BİR YOL HİKAYESİ

Bir yere varmak zorunda olmadığın bir yolculuksa hayat. Neden bu dramanın  içinde dolanıp durur insan.

Tek uzaklığın kalbinle zihnin arasındaki mesafe olduğunu anlamadan yürür yolları, yorarsın bedenini avare.

İnsanın içindeki yaman çelişki, gitmekle kalmak gibi. Bir parçan kalk gidelim derken öbürü otur oturduğun yere diyor.

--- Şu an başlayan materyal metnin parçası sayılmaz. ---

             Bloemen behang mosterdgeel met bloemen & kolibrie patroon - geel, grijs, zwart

Bir yanın diyor ki sen özgür bir kelebeksin, seçimler sana ait, sen yaratıyorsun hayatını, ışığını fark et ve bununla  dans et.

Diğer taraf bağımlı hissediyor insanlara , maddiyata, duygulara, düşüncelere, inançlara ve tutuyor da tutuyor, yaşamak varken yaşamamak pahasına.

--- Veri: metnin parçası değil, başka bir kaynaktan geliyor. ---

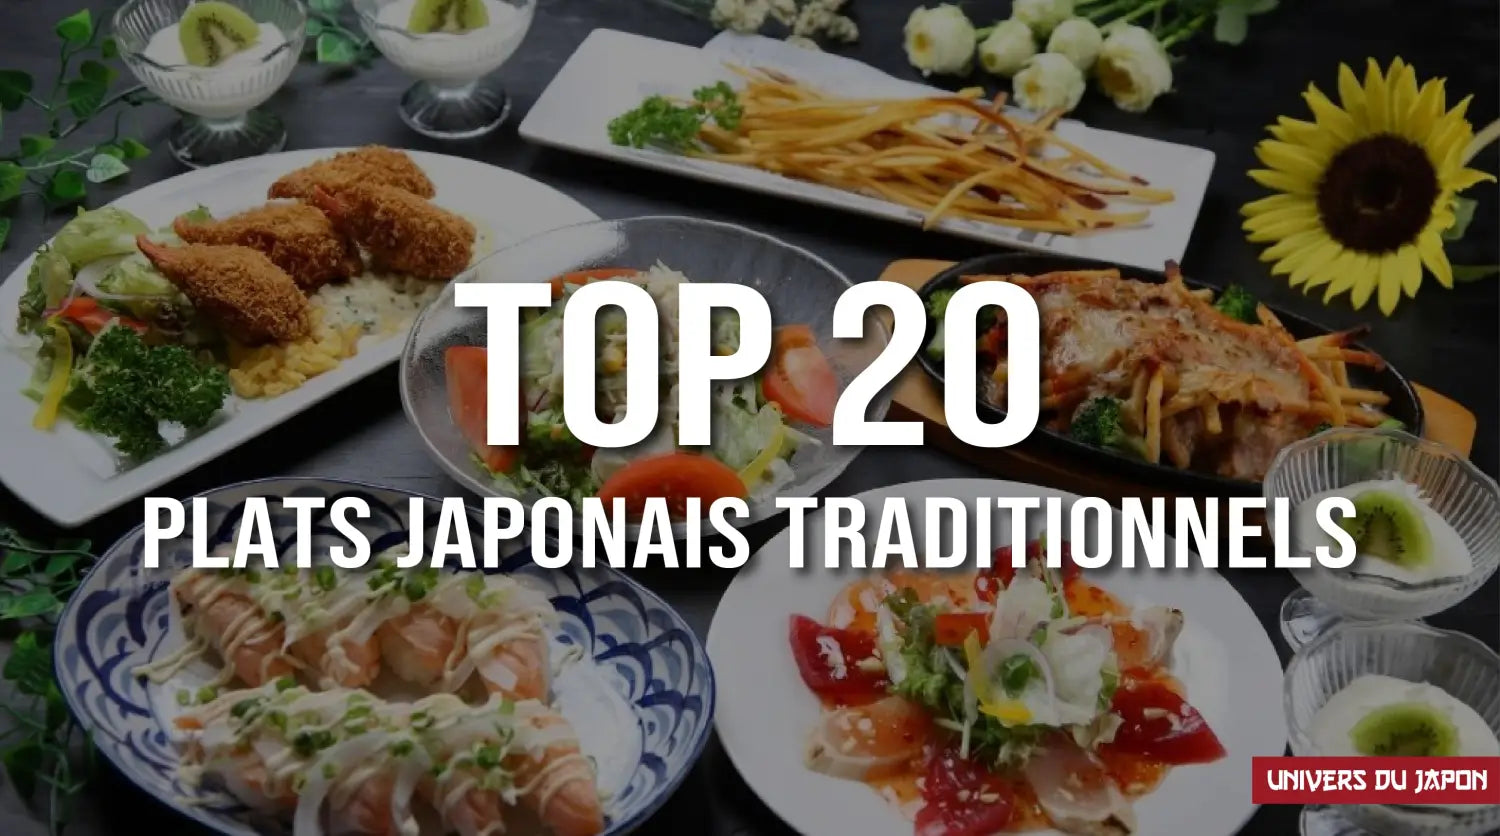 Venez et essayez la cuisine japonaise!

Zihnimizle İdealize ettiğimiz hayatlar yaşamak istiyoruz ancak nafile bir çaba bu…

Derin bir nefes al ve bırak gitsin tuttuğun, tutunduğun ne varsa bırak ki gerçek sen çıkabilsin ortaya.

Hayatın getirdiği hediyeleri görebilmek için neler mümkün?